Automatic term acquisition from domain-specific text collection by using Wikipedia.
Automatic term acquisition is an important task for many applications related to domain-specific texts processing. At present there are many methods for automatic term acquisition, but they are highly dependent on language and domain of input text collection. Also these methods, in general, use domain-specific text collection only, while many external resources are underutilized. We argue that one of the most promising external resources for automatic term acquisition is the online encyclopedia Wikipedia. In this paper we propose two new features: "Hyperlink probability" - normalized frequency showing how often the candidate terms is a hyperlink in Wikipedia articles; and "Semantic relatedness to the domain key concepts" - arithmetic mean of semantic relatedness to the key concepts of a given domain; those key concepts are determined automatically on the basis of input domain-specific text collection. In addition, we propose a new method for automatic term acquisition. It is based on semi-supervised machine learning algorithm, but it does not require labeled data.
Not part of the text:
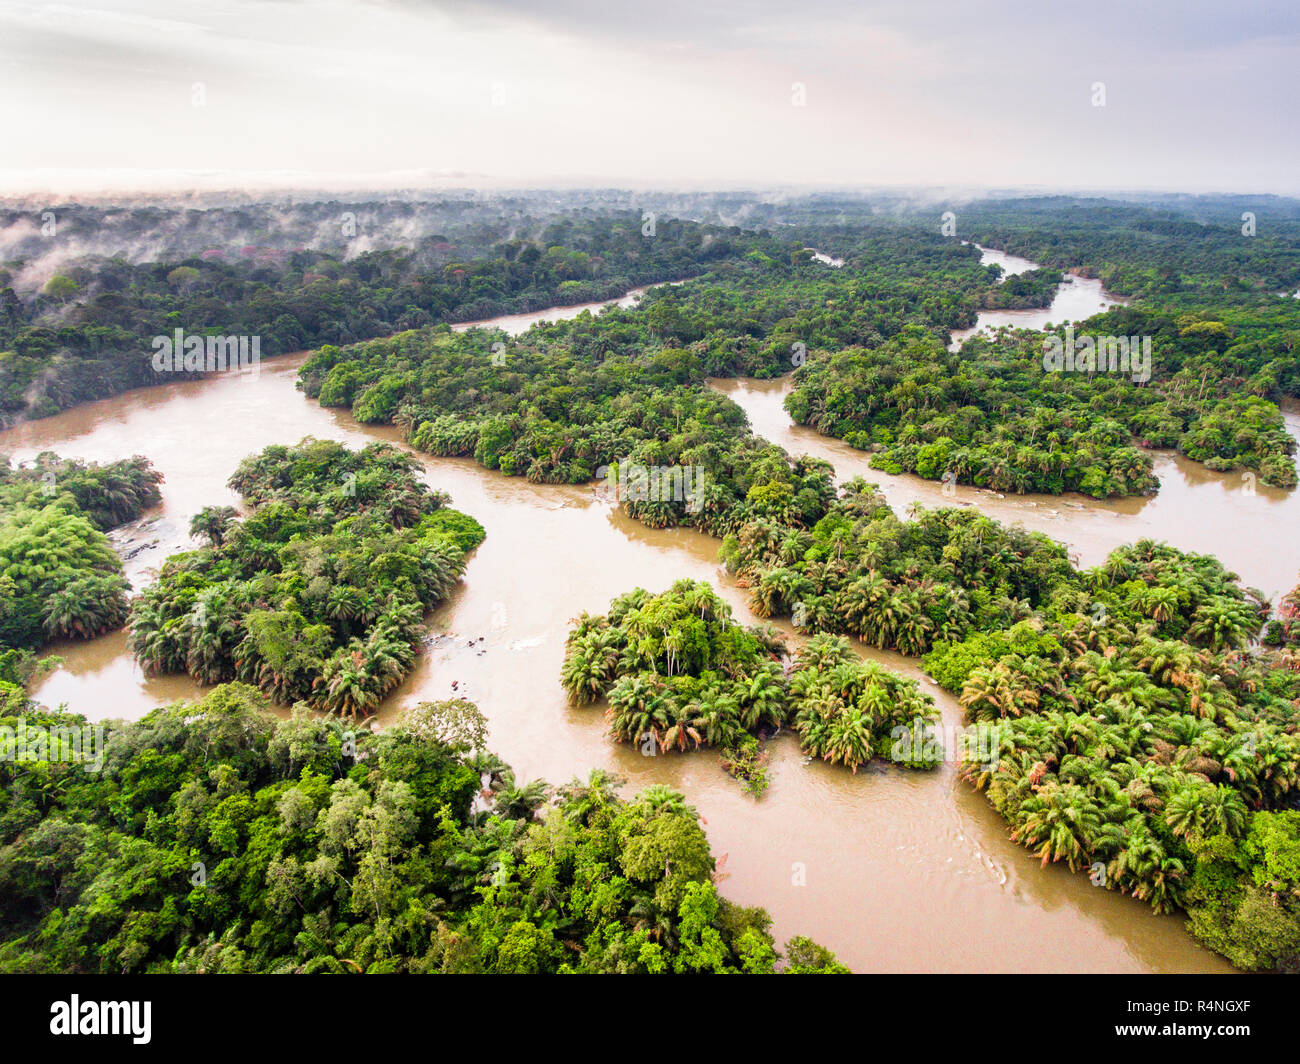 Moa River (Sierra Leone drone image) Stock Photo

Outline of the method is to extract the best 100-300 candidates presented in Wikipedia by using a special method for term acquisition, and then to use these candidates as positive examples to construct a model for a classifier based on positive-unlabeled learning algorithm. An experimental evaluation conducted for the four domains (board games, biomedicine, computer science, agriculture) shows that the proposed method significantly outperforms existed one and is domain-independent: the average precision is higher by 5-17% than that of the best method for a particular data set.
Proceedings of the Institute for System Programming, vol. 26, issue 4, 2014, pp. 7-20.
ISSN 2220-6426 (Online), ISSN 2079-8156 (Print).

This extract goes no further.